Weird Al maybe hokey or silly, but I really adore his spirit and style. He is the embodiment of not taking yourself, or anything, too seriously. When I first heard a Weird Al song as a kid, I thought it was the greatest thing of all time. I laughed so hard my ribs hurt. And back in those days (man, I sound old), you couldn't fall into the YouTube hole and hear his entire catalog, so I had one tape that someone had made and it only had one song of Weird Al's. Play, rewind, wait, play, rewind...

But it was this song, The Saga Begins, that really made me truly fall in love. I was (and am) a HUGE Star Wars fan. I read book after book in the extended universe throughout my middle school years, and couldn't get enough (Corran Horn is the best Star Wars character ever even though he doesn't exist anymore!). Combining the silly parody of Weird Al with a universe I was so immersed in really set this thing in stone for me.

To this day, I try to embody that funny and relaxed approach to my life. I try not to take things too seriously, whether it is a problem at work, something difficult in my life, or even a mistake I made that is causing me more problems, I laugh it off and move on. Fix the problem when you can, find a solution, act on it, and keep going.

Connection Song: Stay Together For The Kids by Blink-182

One of the things I thought about when picking out songs was the albums that were on repeat during my life. Blink-182's Take Off Your Pants and Jacket was an album that never really stopped playing for me. I enjoyed every song on that LP, knew every word from start to finish. To this day, if I hear a song from that album on the radio, I will immediately start singing the song that was next when it ends.
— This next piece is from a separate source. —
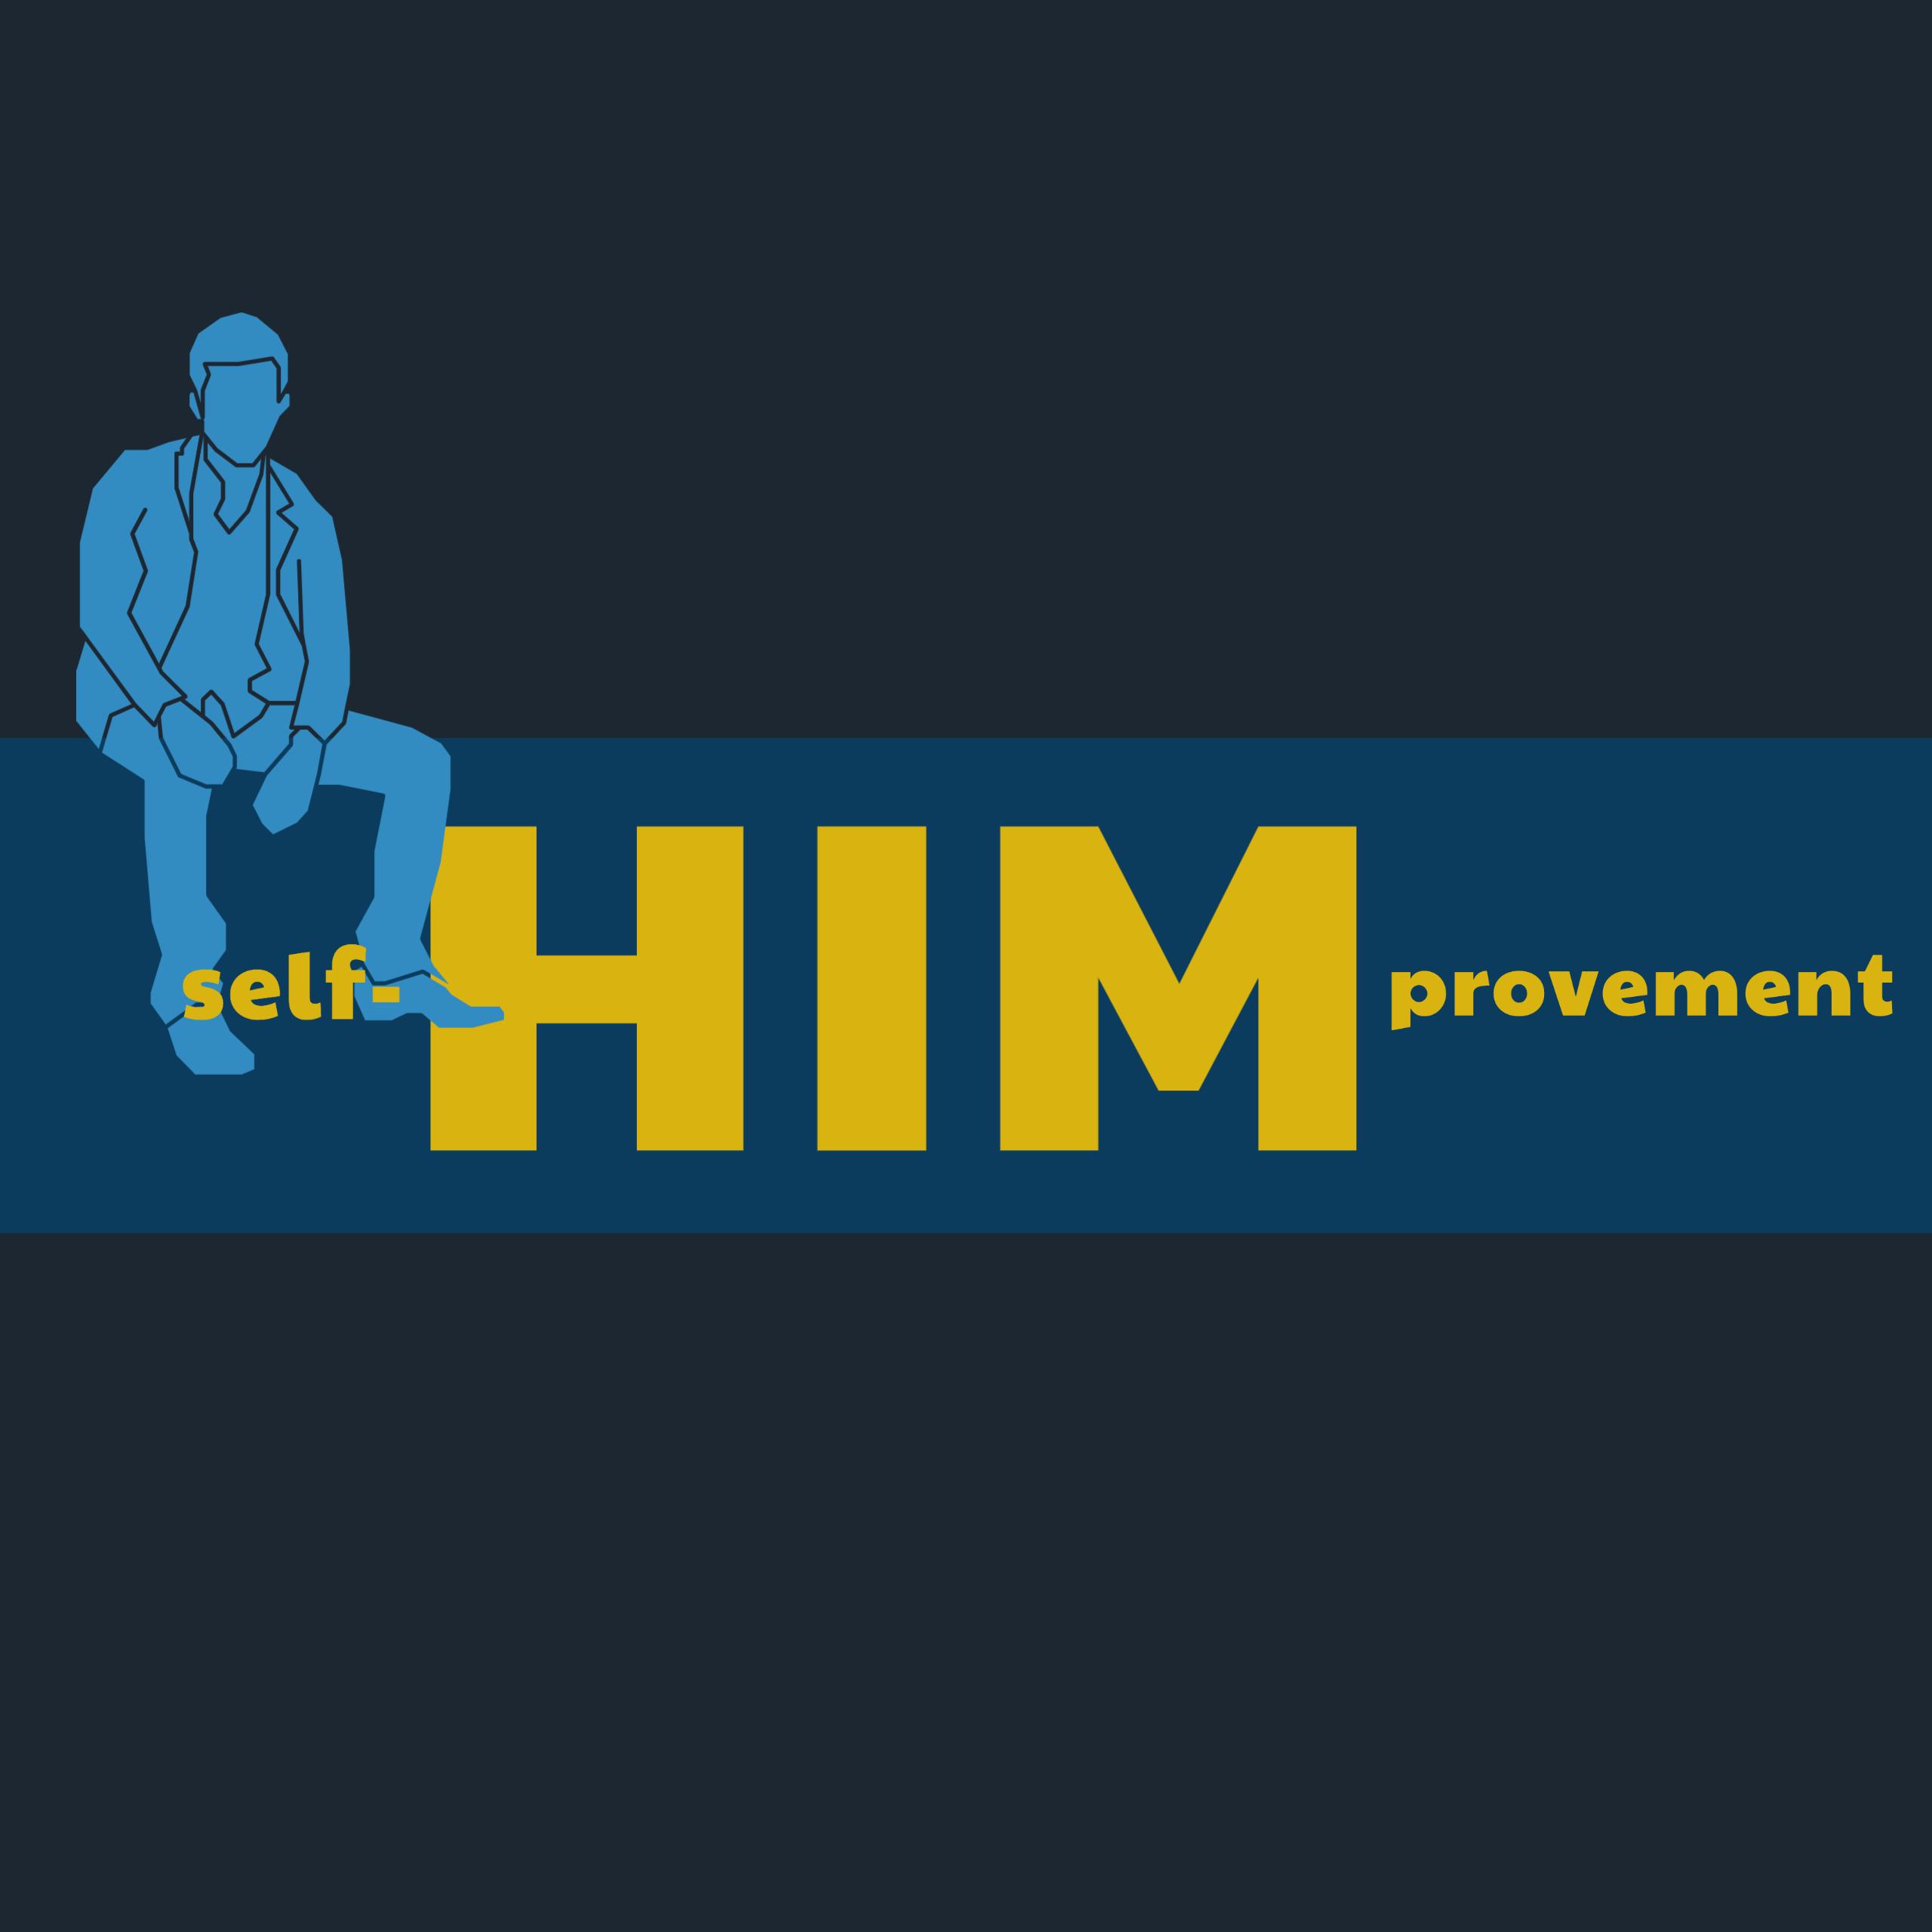 self-himprovement square  logo

This song in particular though had a powerful connection for me. Like I said in the show, this is one of the first songs I can think of that I really felt spoke my life. As a child in a broken home, this felt real. And I bring those connections forward into my son's life (who has divorced parents), and remembering the struggle my students go through.

What really spoke to me for this song though is the power of music even now. In the episode with Noa, I got truly personal. I make a point pretty regularly to separate my personal life from who I am online. Not excessively so, but still, somethings are just for me, they aren't relevant to education or my blog. With Noa, talking about this song, I had said a ton about my personal life before I even realized it. Music is so personal it makes sense that my discussion about it has that power.

Hype Song: Bohemian Rhapsody by Queen

I feel that Bohemian Rhapsody is a song that needs no explanation. If I think of songs that inspire me, there are lot that make me feel good, keep me going, and pick me up. But this is the only song I can think of that absolutely requires a physical response. I just have to headbang.

Overall, this was an awesome show to be on. I strongly recommend you checkout the Personal Playlist Podcast with Noa Daniel. She does them with a lot of great guests, and it is so much fun.